Now Figure 3 in the latest version of the datasheet: http://www.ledsupply.com/content/pdf/led-driver-luxdrive-buckpuck_documentation.pdf

It looks like it's pretty linear relationship between about 1.5-4.3 volts. But that's only if you drive a voltage into the Ctrl pin.

Someone at the company told me something really weird: He said to use a 10K audio pot instead of the 5K linear pot. I can't possibly see how that improves things. If the 5K has a zone where no change in brightness occurs, a 10K is going to be worse (although it'll probably turn the thing off harder). They seem to recognize that the dimming set up may not be able to dim the thing to 0%, as they show a switch short-circuiting the pot in Fig 12 (or maybe that's just be able to turn it on/off within changing the dimming setting). And why did he recommend audio taper ? Since the dimming relationship is shown to be linear in the figure ?

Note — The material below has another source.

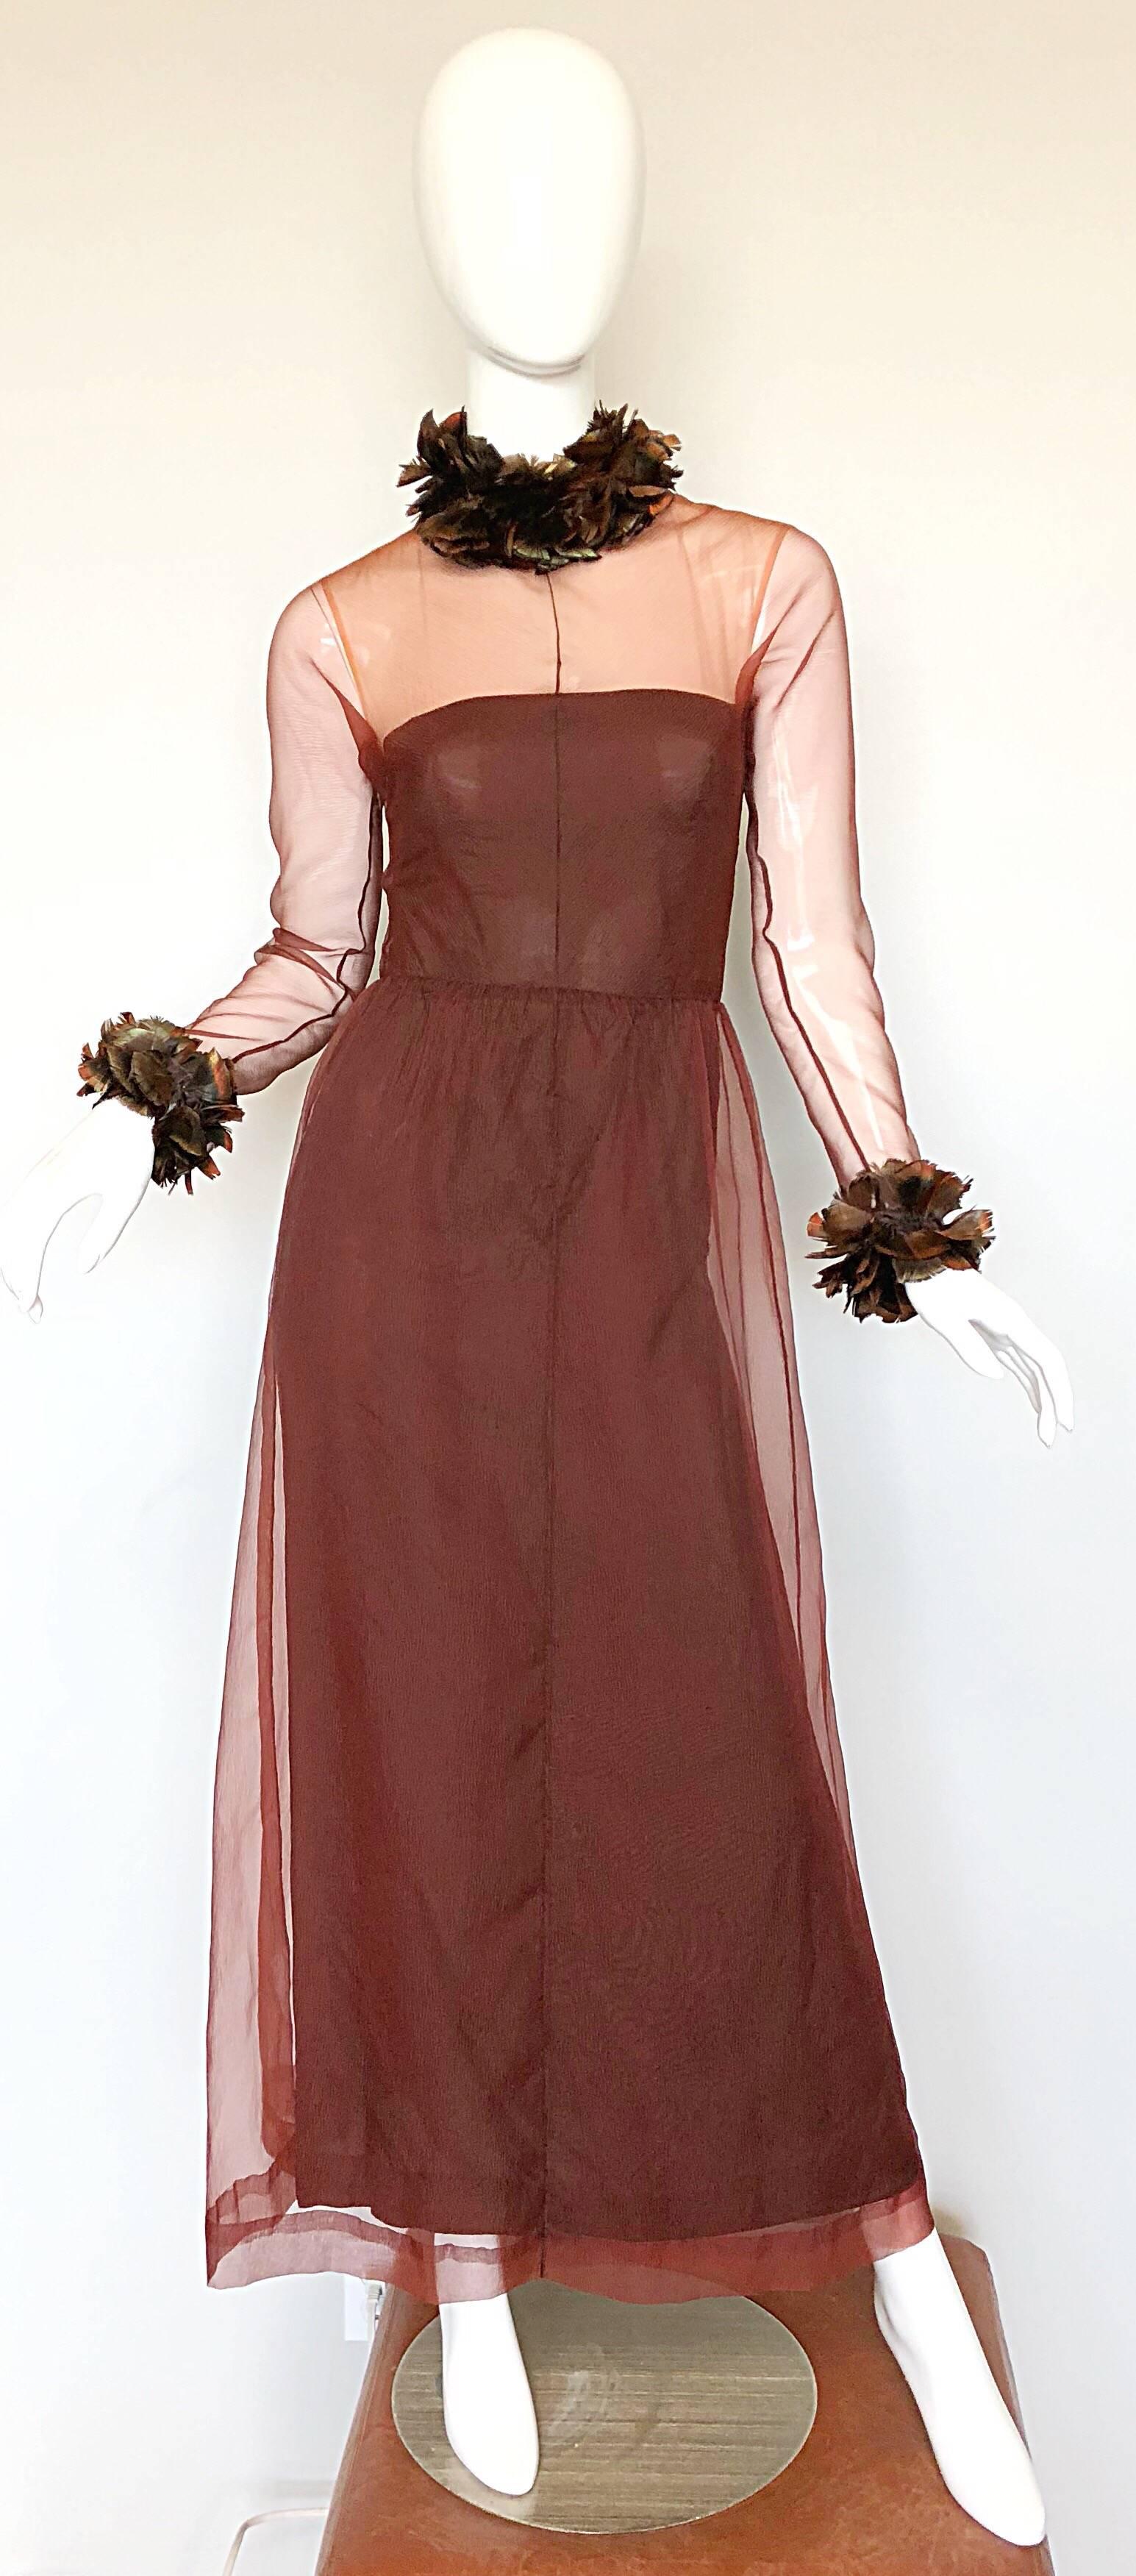 Superbe robe de soirée S/S 1971 GIVENCHY couture numérotée en mousseline de soie marron chocolat ! Cette robe du début des années 70 est extrêmement bien faite. Le corsage est taillé dans une illusion de couleur nude et les manches sont

Anyhow, seems to me a better way might be to use the potentiometer as a voltage divider on the 5v Ref signal. So put a pot between Ref and LED-, and then connect the moving tap of the pot to Ctrl. You could even add a small resistor either side of the pot, so the pot just moves the voltage in the linear range. Of course, the pot would have to be 50 ohms or so (instead of 5K), so the 5ma drawn by the Ctrl pin does not affect the divider too much.


----------